GOAL OF THE EXERCISE →
Beginning with the line that has "Bank of America", please write out each remaining line of the listing below, word for word.

GIVEN DATA →
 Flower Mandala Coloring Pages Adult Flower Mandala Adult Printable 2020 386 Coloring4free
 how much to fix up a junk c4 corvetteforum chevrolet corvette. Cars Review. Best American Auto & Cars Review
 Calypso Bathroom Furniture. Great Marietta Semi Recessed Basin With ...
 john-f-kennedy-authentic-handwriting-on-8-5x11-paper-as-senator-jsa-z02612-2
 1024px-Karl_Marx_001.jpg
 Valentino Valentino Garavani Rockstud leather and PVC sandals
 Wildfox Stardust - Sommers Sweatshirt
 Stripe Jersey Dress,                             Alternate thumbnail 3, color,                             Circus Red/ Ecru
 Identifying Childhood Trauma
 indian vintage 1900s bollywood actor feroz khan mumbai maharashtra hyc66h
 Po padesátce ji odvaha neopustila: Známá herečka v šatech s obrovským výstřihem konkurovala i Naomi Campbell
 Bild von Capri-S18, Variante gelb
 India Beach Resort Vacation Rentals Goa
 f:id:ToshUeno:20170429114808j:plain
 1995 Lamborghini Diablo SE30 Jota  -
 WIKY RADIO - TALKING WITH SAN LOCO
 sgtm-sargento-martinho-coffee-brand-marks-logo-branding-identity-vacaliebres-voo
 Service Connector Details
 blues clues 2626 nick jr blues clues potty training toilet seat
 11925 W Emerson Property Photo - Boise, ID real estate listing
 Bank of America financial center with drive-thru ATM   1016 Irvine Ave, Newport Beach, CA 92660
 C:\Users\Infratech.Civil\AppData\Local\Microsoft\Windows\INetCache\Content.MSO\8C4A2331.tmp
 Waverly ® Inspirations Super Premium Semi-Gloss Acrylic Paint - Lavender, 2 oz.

EXERCISE SOLUTION →
 Bank of America financial center with drive-thru ATM   1016 Irvine Ave, Newport Beach, CA 92660
 C:\Users\Infratech.Civil\AppData\Local\Microsoft\Windows\INetCache\Content.MSO\8C4A2331.tmp
 Waverly ® Inspirations Super Premium Semi-Gloss Acrylic Paint - Lavender, 2 oz.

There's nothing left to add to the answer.